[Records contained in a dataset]
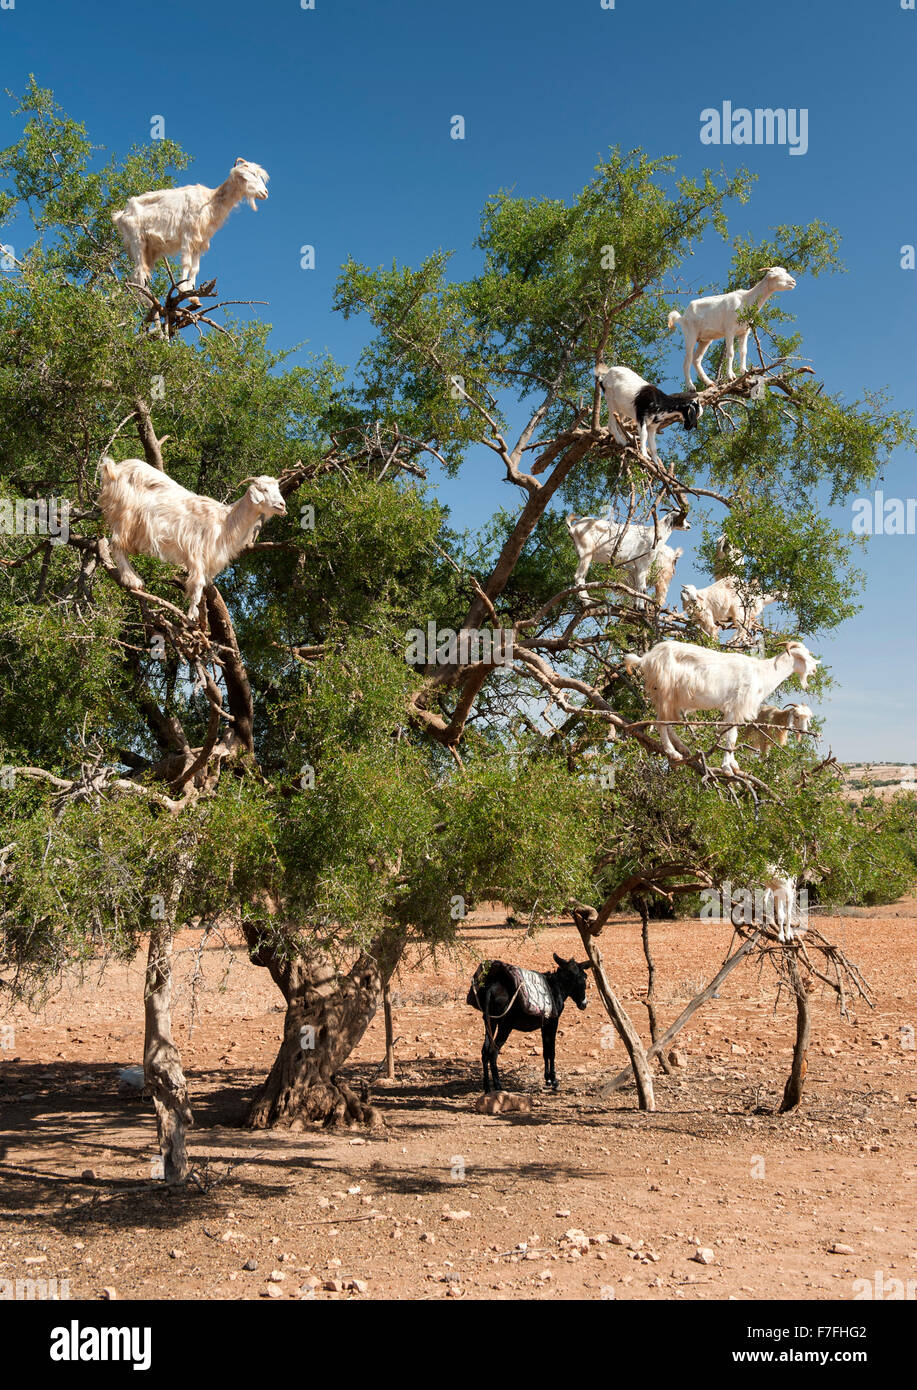 Les chèvres dans un arbre sur la route de Marrakech à Essaouira au Maroc. Banque D'Images
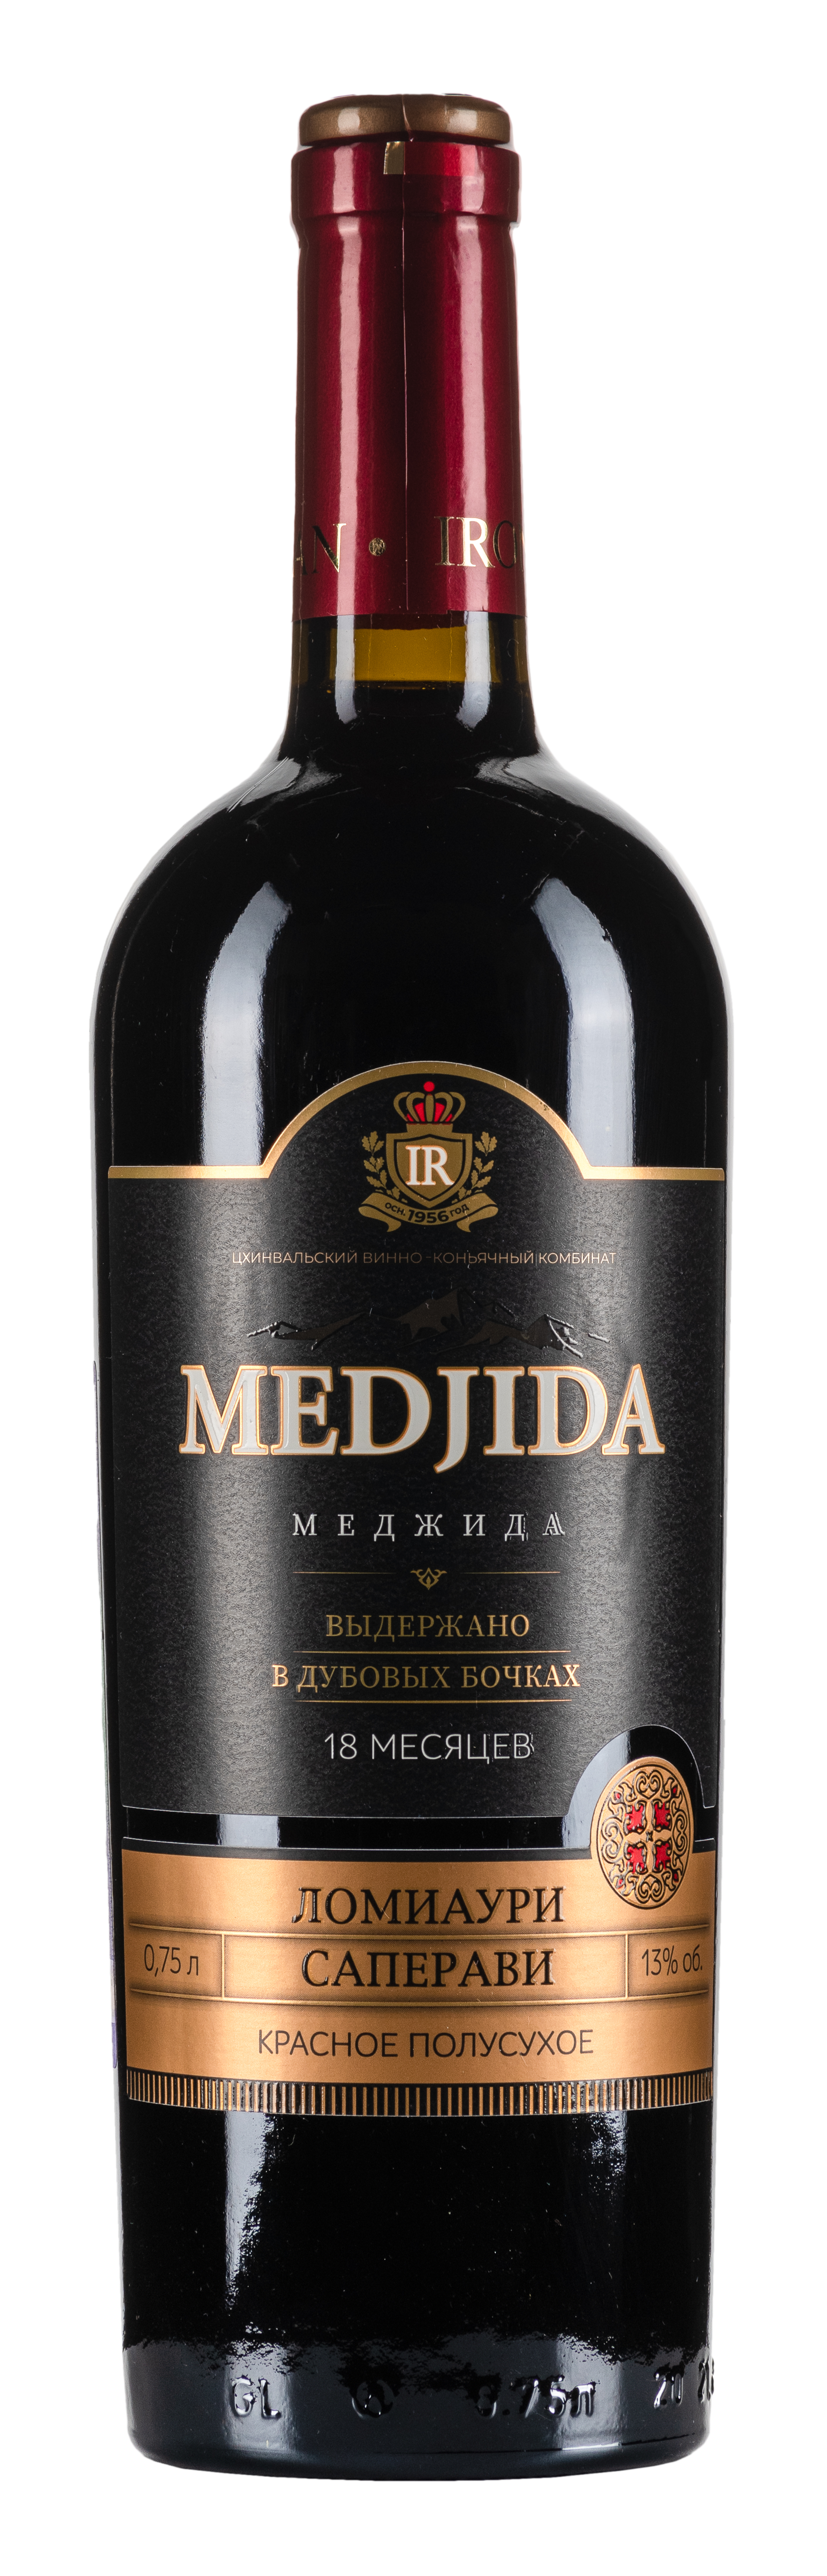 Wine Lomiauri-Saperavi (Medjida)
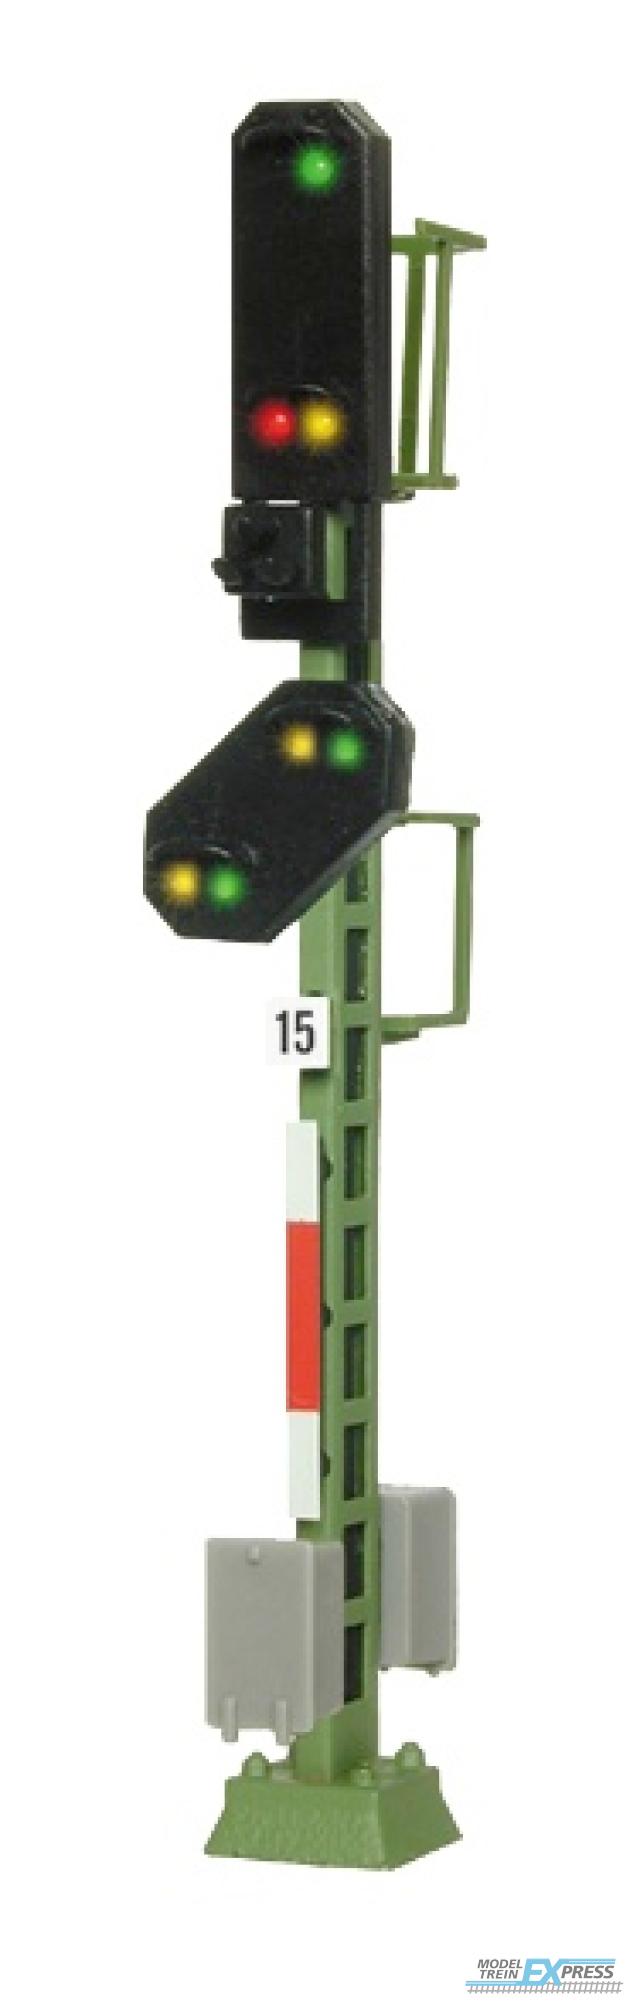 Viessmann 4415 N Licht-Einfahrsignal mit Vorsignal
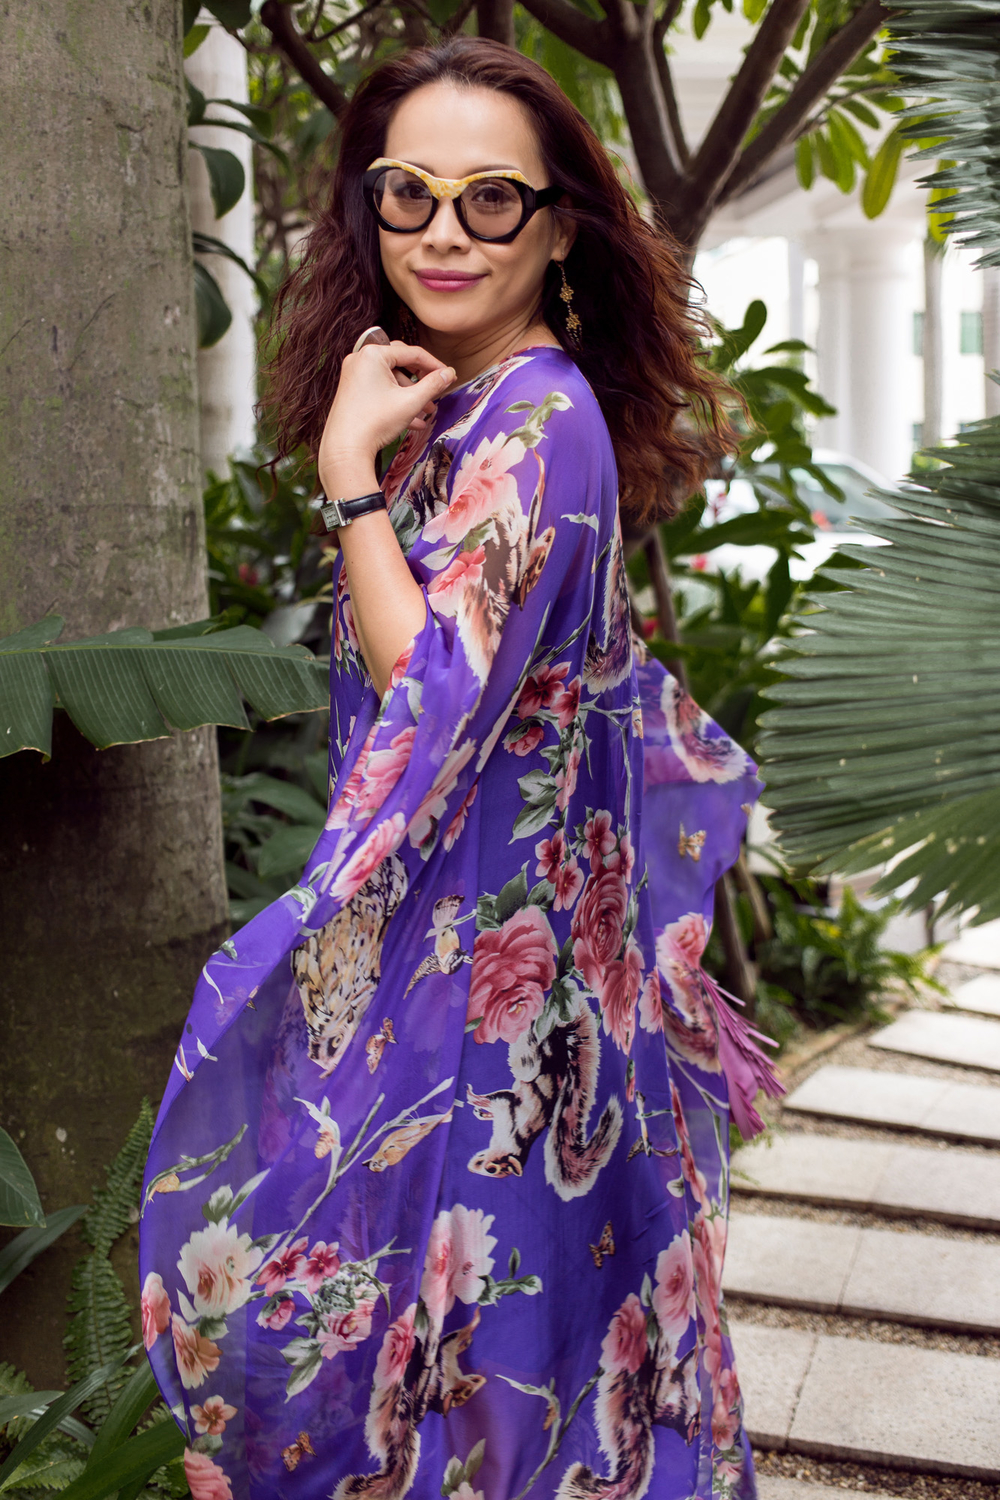 
Hoa hậu Việt Nam 1998 - Ngọc Khánh rực rỡ với sắc tím phối cùng hoạ tiết hoa màu hồng ngọt ngào. 
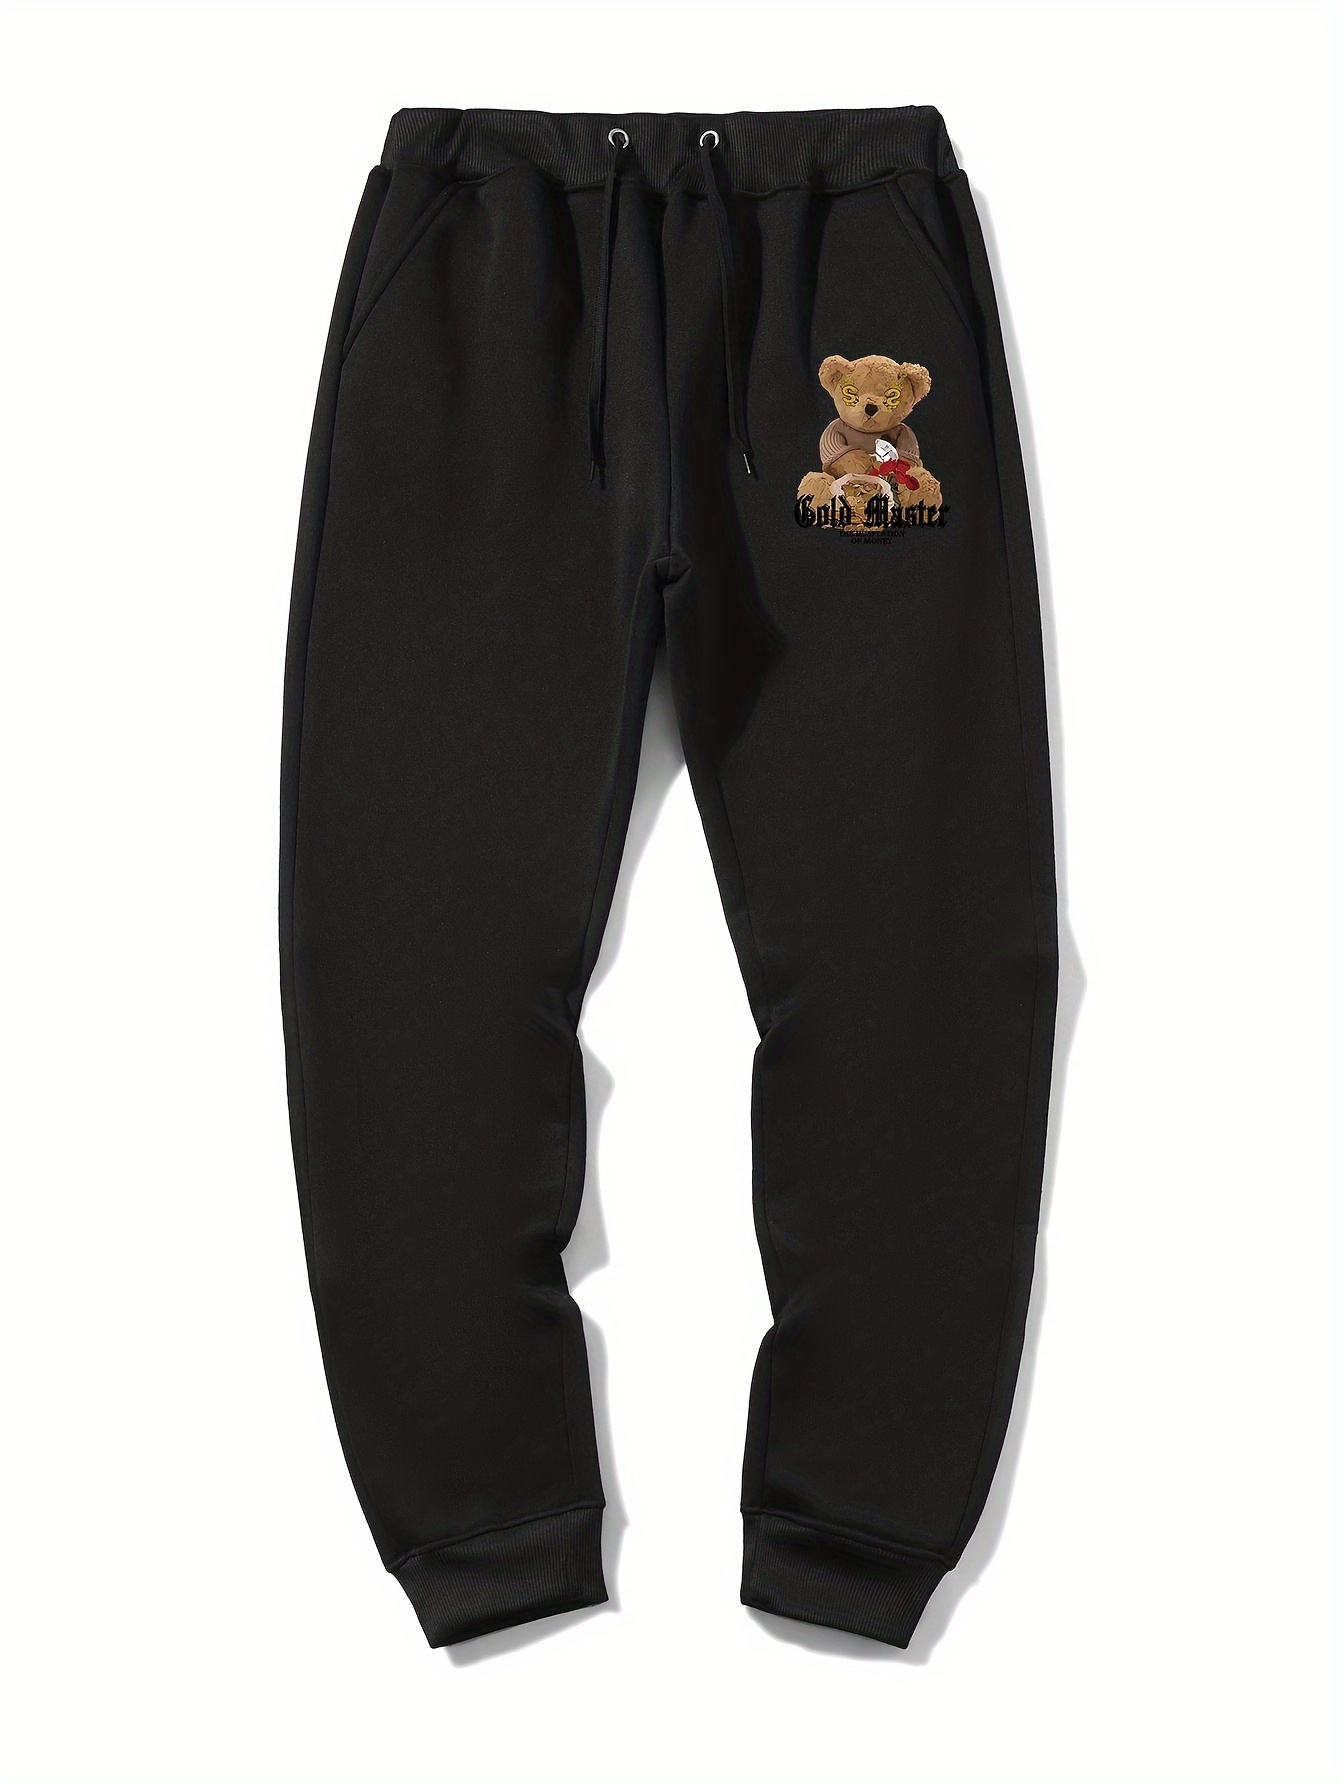 Polo Ralph Lauren Polo Bear Print Jogger Pajama Pants

WORK TO BE COMPLETED
Every line above is to be given again exactly, apart from the pictures.

OUTPUT BELOW
 Les chèvres dans un arbre sur la route de Marrakech à Essaouira au Maroc. Banque D'Images
 Wine Lomiauri-Saperavi (Medjida)
 Viessmann 4415 N Licht-Einfahrsignal mit Vorsignal
Hoa hậu Việt Nam 1998 - Ngọc Khánh rực rỡ với sắc tím phối cùng hoạ tiết hoa màu hồng ngọt ngào. 
 Polo Ralph Lauren Polo Bear Print Jogger Pajama Pants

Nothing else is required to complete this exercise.